La surveillance active, dans les cancers localisés
Deux études observationnelles publiées dans le « JAMA » dressent un tableau complet des effets secondaires associés aux différentes stratégies de traitement du cancer localisé de la prostate : prostatectomie, radiothérapie, curiethérapie ou surveillance active. Il en ressort que la surveillance active reste une option viable qui préserve la qualité de vie des patients touchés par cette pathologie avec un risque d'évolution parfois très faible. Dans la première étude les auteurs ont inclus les données d'un registre de 2 550 patients (7). Après un suivi de 3 ans, la prostatectomie radicale a été associée à une diminution plus importante des fonctions sexuelles et un plus grand risque d'incontinence urinaire. La curiethérapie ou la radiothérapie s’est accompagnée de davantage de symptômes irritatifs, sans différence en ce qui concerne les fonctions hormonales et ano-rectale. Dans la seconde étude, RC Chen et coll. ont montré qu’après chirurgie, les scores de dysfonction érectile sont aggravés et le risque d'incontinence est augmenté (8). La radiothérapie ou la curiethérapie apparaissent associées à une aggravation de l'obstruction urinaire ou à une irritation. Enfin, une augmentation des troubles des fonctions ano-rectales est observée après radiothérapie. Au terme de 2 ans, les différences entre les options thérapeutiques s'estompent. Dans l’éditorial associé aux deux études, les auteurs estiment que « plus de 3 décennies de tests PSA ont conduit à un excès de traitement des cancers de la prostate à un stade peu avancé », et que « nous manquons encore de données de bonne qualité pour informer objectivement les patients des risques associés aux différents traitements » (9).
1) Schroder FH, et al.

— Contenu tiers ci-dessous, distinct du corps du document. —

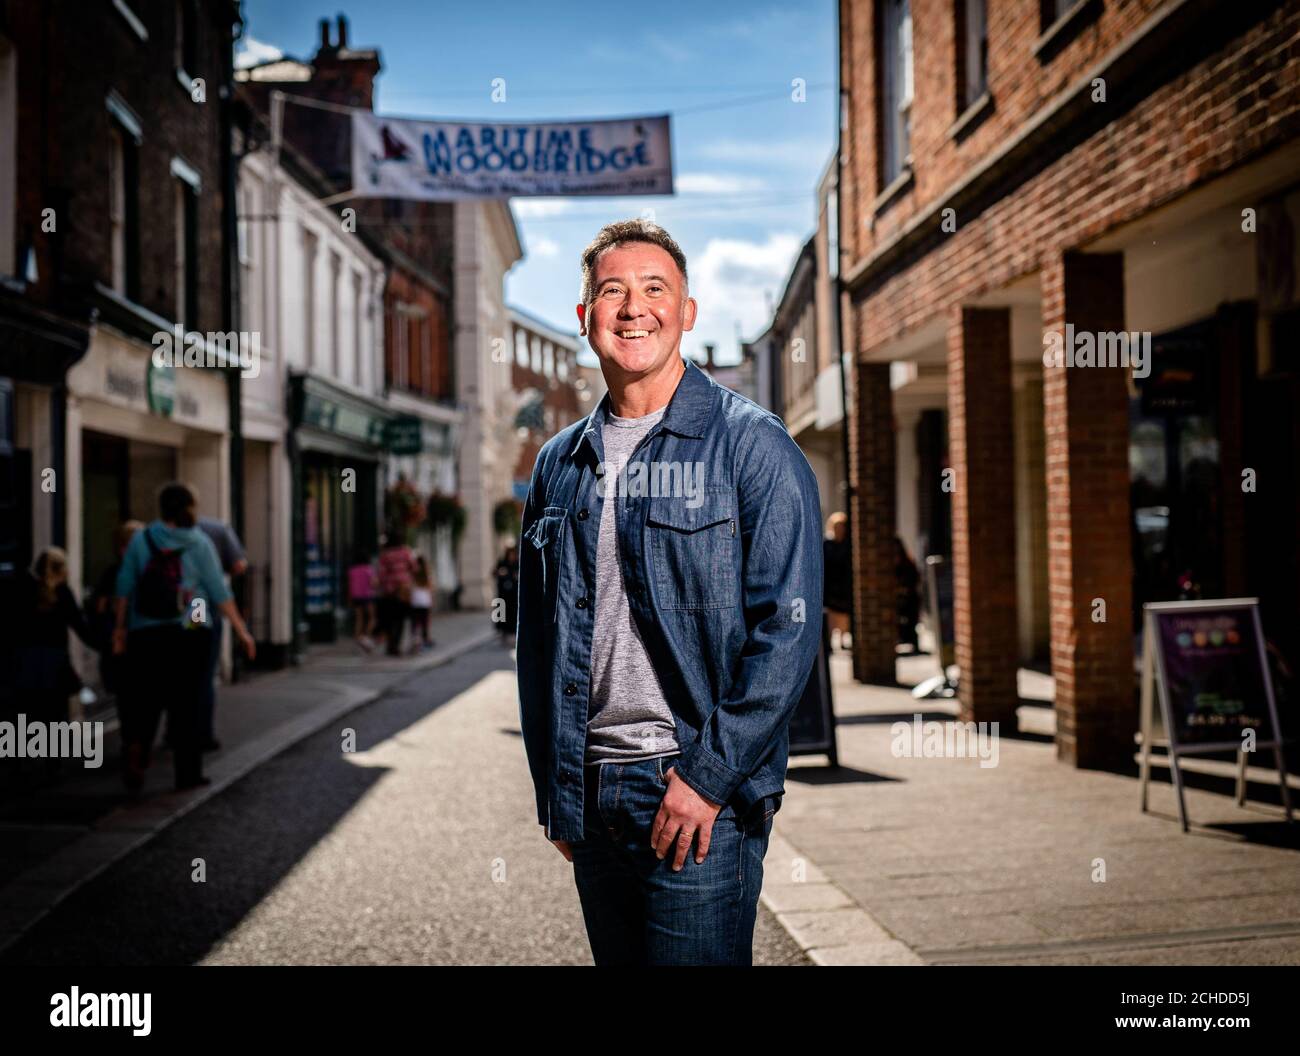 Tony Moorcroft representing The Thoroughfare, Woodbridge, one of the 38 high streets shortlisted in the Great British High Street Awards 2018, which is sponsored by Visa and being run by the Ministry of Housing, Communities & Local Government. Stock Photo

Lancet 2014; 384(9959): 2027-35.
2) Klotz L, et al. J Clin Oncol 2015; 33(3): 272-7.
3) Tosoian JJ, et al. J Clin Oncol 2015; 33(30): 3379-85.
4) Wilt TJ, et al. N Engl J Med 2017; 377(2): 132-42.
5) Hamdy FC, et al. N Engl J Med 2016; 375(15): 1415-24.
6) Tsodikov A, et al. Ann Intern Med 2017; 167(7): 449-55.
7) Barocas DA, et al. Jama 2017; 317(11): 1126-40.
8) Chen RC, et al. Jama 2017; 317(11): 1141-50.
9) Hamdy FC, Donovan JL. Jama 2017; 317(11): 1121-3.